武威城軍部對於這次突襲非常重視,除了各部挑選出來的精銳軍士,鐵托兒將軍還派了幾名高手,據說都是身經百戰。
可萬萬沒想到,在夜幕掩護下,西涼精銳們剛突進大陳斥候左營帳就被察覺,一場混戰廝殺下來,鐵托兒將軍派的所謂高手,竟然幾個回合被殺死兩個。

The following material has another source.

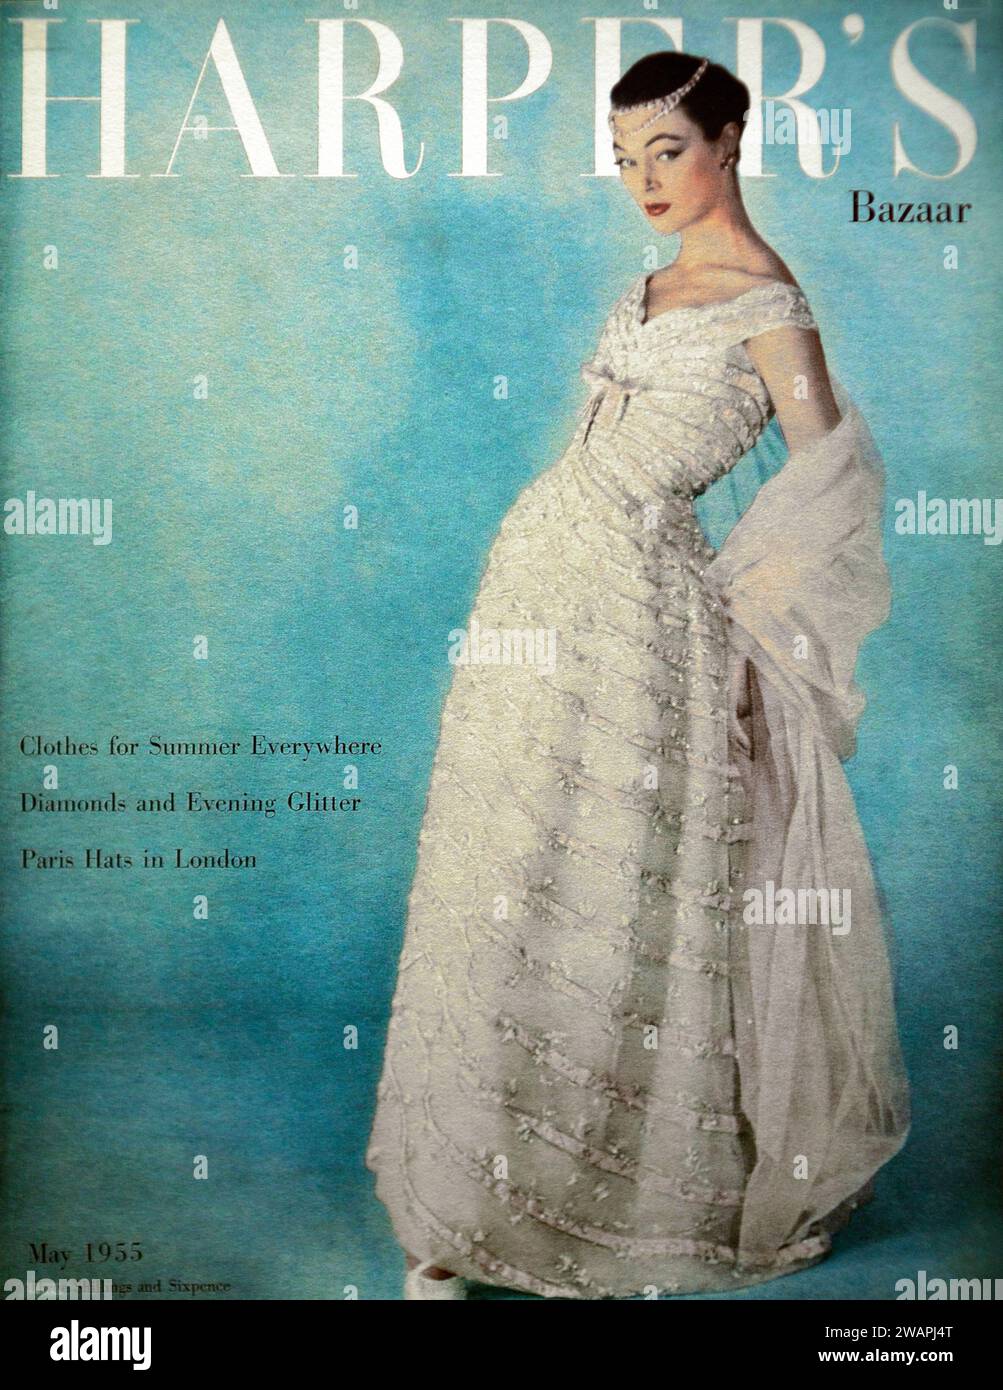 Harper's Bazaar, copertina maggio 1955 | in questa incantevole immagine, una donna trasuda grazia e raffinatezza indossando un abito bianco splendente. Foto Stock

斥候營裡衝出來的大陳軍士十分彪悍,領頭的那個方易之尤為厲害,看上去斯文儒雅,實則卻是一個不折不扣的殺神。
他以一敵五,竟然斬殺了兩名西涼高手。
烏日更達賴回想起上次在龍潭澗,西涼銳豹營被殺的險些全軍覆沒,不禁心驚肉跳,慌忙帶著手下幾十個兄弟轉身就跑。
更讓烏日更達賴想不到的是,大陳軍中的一名軍士,竟然提著刀,不死不休地追著他們,瘋狂砍殺。
烏日更達賴見過不要命的,可是沒見如此不要命的,這名軍士像瘋狗一樣,一出手就是同歸於儘的殺招,以命搏命。
烏日更達賴心裡默默計算了一下,一番搏鬥,此人身中八刀,渾身浴血,卻殺死自己十六名手下。
看著狀若瘋魔的這個家夥,烏日更達賴心中生出了一絲恐懼,不到半盞茶的時間,手下兄弟已死傷過半。
正準備招呼剩餘人手解決掉這個麻煩,眼見方易之率領一隊軍士趕來救援,嚇得烏日更達賴腳底抹油,丟下眾人獨自逃走。
黑夜裡,喊殺聲,兵器碰撞聲,到處一片混亂,烏日更達賴混在一撥西涼隊伍裡,來到大陳斥候右營帳,就看到了剛才這一幕。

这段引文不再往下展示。